У кормовой башни Небольсин остановился, задумчиво посмотрел в сторону «Андрея Первозванного», который точно так же, как и их корабль, стоял кормой к причалу Усть-Рогатки. Потом Небольсин внезапно повернул голову к Тирбаху.

— Я давно собирался спросить у вас, мичман, как прошел для вас первый год службы. Довольны ли вы?

— Безусловно, Аркадий Никанорович! Счастлив служить под вашим началом!

— Я не о наших с вами взаимоотношениях… — поморщился командир.

— Чувствую себя как в родной семье. Это благодаря вам на корабле такая обстановка душевного тепла и доверия.

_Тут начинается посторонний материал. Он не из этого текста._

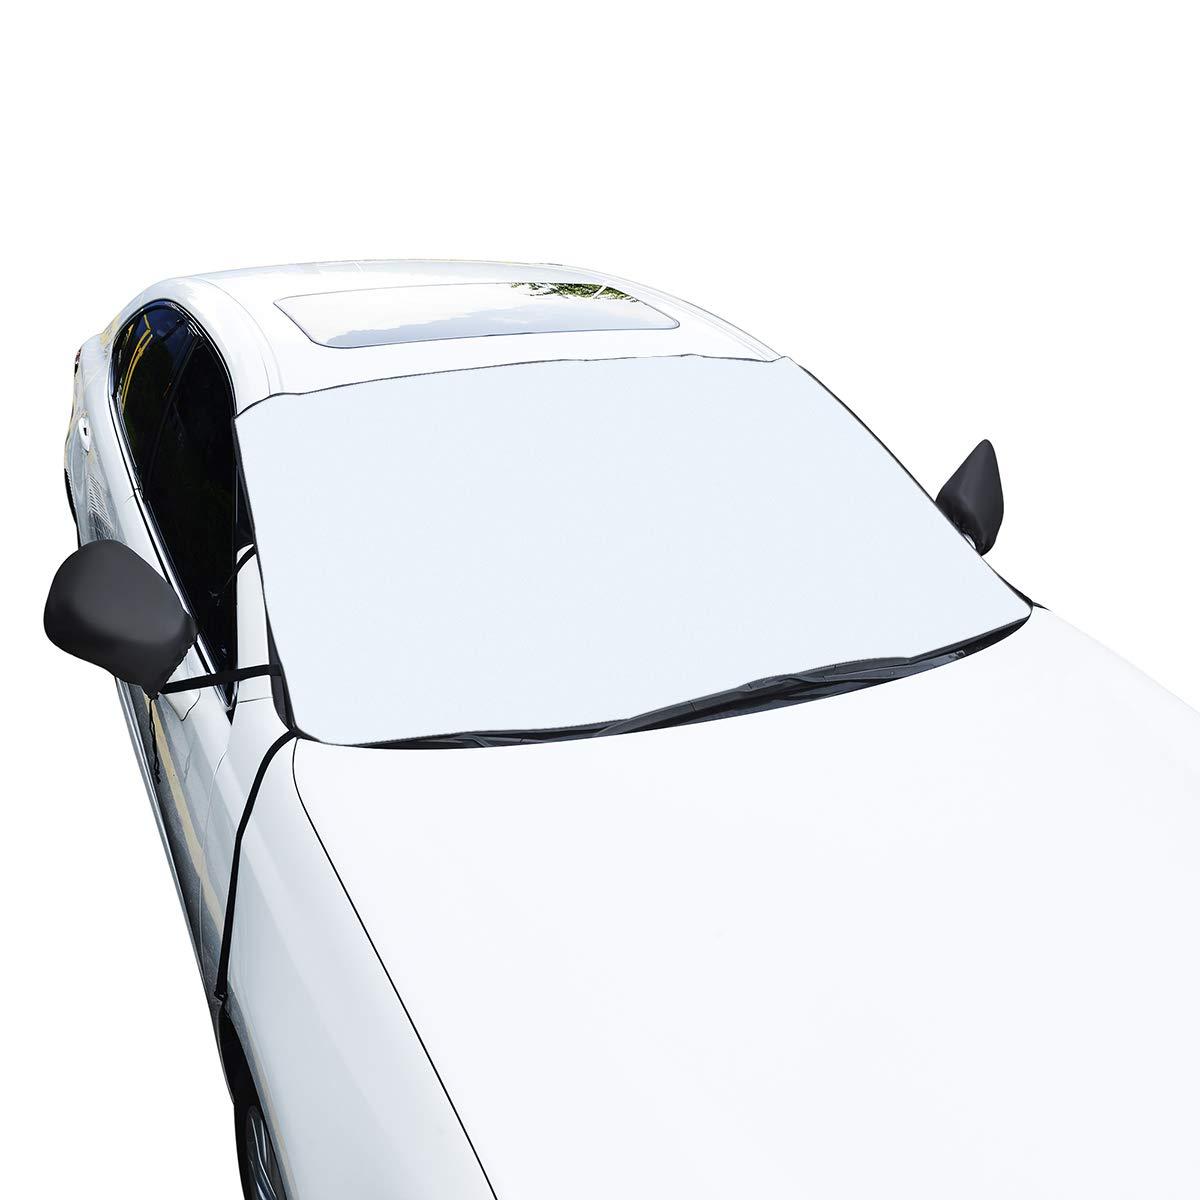 Protezione Parabrezza, SAWAKE Parasole Parabrezza Parasole Auto Telo Parabrezza Auto Copertura Parasole Anti UV Antineve Antighiaccio per Parabrezza (190 * 940 * 150cm) SAWAKEPO84BUK366

— Оставьте, — сухо сказал Небольсин. — Меня боль-то интересует вопрос, как вы сошлись с нижними чинами, нашли ли с людьми общий язык?

— Так точно, Аркадий Никанорович! Моя полурота на хорошем счету…

— Ну а то обстоятельство, что среди ваших подчиненных самый высокий процент наказанных, — это вас не беспокоит?

Так вот о чем этот либерал! Ну, тут уж можно твердо настоять на своей — ведь не ради своего удовольствия налаживает он в полуроте жесткую дисциплину.

— Простите, Аркадий Никанорович! Это обстоятельство меня, буду откровенным, не беспокоит, ибо только наказаниями можно воспитать в подчиненных истинный дух чинопочитания, без которого не мыслю здорового военного организма, способного в любое мгновенье выполнить монаршью волю… Именно указанными побуждениями руководствуюсь я, следя за тем, чтобы соблюдалась и буква и дух уставов!